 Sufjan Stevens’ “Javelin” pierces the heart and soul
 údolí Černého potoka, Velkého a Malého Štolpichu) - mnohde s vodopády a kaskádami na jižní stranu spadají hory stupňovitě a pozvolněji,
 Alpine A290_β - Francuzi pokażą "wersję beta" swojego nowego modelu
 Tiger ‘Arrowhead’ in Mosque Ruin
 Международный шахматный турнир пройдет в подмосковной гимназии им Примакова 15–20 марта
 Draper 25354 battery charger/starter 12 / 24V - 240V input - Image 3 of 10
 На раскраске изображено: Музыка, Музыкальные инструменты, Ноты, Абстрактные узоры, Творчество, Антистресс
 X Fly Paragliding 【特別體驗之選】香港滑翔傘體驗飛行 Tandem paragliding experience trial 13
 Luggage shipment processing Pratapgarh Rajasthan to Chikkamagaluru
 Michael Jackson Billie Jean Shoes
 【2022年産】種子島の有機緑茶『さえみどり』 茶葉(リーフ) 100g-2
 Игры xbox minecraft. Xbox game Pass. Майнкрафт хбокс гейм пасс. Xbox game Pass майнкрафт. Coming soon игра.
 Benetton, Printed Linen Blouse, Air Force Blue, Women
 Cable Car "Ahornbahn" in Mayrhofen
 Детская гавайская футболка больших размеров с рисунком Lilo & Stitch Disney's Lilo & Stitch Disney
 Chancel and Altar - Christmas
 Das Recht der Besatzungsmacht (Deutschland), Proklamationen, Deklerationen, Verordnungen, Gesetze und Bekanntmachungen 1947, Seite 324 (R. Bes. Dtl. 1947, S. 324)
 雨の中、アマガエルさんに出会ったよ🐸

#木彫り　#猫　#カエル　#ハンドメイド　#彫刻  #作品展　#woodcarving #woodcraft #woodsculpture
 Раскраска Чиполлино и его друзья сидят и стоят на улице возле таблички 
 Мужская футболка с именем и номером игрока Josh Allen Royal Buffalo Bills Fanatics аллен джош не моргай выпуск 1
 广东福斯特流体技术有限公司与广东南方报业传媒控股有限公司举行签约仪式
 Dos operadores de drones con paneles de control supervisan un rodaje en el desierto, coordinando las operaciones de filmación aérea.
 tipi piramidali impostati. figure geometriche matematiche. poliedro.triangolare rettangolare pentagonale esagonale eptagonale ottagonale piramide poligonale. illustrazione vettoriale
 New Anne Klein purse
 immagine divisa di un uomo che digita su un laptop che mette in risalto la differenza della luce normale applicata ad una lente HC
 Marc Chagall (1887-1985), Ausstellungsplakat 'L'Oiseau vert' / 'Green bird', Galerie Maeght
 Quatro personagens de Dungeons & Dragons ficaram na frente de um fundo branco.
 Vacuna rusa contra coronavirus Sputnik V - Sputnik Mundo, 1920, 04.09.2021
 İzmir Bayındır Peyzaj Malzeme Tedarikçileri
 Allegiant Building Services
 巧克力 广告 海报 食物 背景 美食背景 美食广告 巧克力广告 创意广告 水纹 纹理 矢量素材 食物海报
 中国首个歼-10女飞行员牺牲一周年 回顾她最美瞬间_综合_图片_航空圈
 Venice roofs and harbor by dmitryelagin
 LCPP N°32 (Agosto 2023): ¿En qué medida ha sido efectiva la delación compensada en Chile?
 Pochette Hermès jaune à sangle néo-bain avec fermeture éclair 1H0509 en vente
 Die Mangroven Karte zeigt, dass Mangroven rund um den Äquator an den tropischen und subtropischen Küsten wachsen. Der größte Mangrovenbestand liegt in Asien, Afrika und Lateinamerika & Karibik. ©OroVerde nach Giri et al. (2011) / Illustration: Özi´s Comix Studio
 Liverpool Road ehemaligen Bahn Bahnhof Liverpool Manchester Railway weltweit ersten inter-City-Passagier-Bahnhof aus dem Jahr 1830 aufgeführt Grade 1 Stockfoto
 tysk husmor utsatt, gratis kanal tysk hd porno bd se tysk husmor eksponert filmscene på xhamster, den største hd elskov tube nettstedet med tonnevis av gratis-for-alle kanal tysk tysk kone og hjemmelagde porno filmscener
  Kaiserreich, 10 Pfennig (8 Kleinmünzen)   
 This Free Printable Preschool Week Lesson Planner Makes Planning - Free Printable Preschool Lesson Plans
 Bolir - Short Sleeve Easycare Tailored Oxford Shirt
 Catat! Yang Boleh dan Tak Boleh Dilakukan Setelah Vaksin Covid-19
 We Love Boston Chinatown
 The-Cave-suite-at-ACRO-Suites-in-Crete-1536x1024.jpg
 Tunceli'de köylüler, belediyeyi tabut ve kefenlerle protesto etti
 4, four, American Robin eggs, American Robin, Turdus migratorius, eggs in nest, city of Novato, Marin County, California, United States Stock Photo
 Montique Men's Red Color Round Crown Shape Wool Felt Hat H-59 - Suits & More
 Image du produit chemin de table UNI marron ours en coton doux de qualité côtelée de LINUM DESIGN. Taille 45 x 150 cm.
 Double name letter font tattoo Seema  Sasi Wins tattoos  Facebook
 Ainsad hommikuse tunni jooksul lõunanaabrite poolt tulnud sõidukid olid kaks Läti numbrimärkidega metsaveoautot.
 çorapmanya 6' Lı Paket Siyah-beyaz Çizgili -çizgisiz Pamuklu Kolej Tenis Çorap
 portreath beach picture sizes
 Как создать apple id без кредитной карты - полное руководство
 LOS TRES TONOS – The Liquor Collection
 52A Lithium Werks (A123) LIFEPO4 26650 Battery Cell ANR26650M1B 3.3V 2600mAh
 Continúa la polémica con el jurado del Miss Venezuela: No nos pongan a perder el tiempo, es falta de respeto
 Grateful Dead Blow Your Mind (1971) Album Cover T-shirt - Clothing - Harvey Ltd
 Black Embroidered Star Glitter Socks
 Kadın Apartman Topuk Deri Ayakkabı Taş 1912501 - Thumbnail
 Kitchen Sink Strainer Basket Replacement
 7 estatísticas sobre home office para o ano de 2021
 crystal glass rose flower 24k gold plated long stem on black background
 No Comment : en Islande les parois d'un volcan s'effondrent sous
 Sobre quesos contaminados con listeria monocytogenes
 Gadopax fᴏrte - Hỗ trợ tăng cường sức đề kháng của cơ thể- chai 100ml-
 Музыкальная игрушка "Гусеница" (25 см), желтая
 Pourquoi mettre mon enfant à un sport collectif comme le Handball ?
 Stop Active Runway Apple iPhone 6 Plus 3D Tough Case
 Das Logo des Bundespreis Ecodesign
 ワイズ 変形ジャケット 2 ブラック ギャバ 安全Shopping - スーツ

========

**Work order**
In the listing above, find the line containing "Draper 25354 battery" and the line containing "Chancel and Altar - Christmas", then repeat those two lines and everything between them exactly.

**Task result**
 Draper 25354 battery charger/starter 12 / 24V - 240V input - Image 3 of 10
 На раскраске изображено: Музыка, Музыкальные инструменты, Ноты, Абстрактные узоры, Творчество, Антистресс
 X Fly Paragliding 【特別體驗之選】香港滑翔傘體驗飛行 Tandem paragliding experience trial 13
 Luggage shipment processing Pratapgarh Rajasthan to Chikkamagaluru
 Michael Jackson Billie Jean Shoes
 【2022年産】種子島の有機緑茶『さえみどり』 茶葉(リーフ) 100g-2
 Игры xbox minecraft. Xbox game Pass. Майнкрафт хбокс гейм пасс. Xbox game Pass майнкрафт. Coming soon игра.
 Benetton, Printed Linen Blouse, Air Force Blue, Women
 Cable Car "Ahornbahn" in Mayrhofen
 Детская гавайская футболка больших размеров с рисунком Lilo & Stitch Disney's Lilo & Stitch Disney
 Chancel and Altar - Christmas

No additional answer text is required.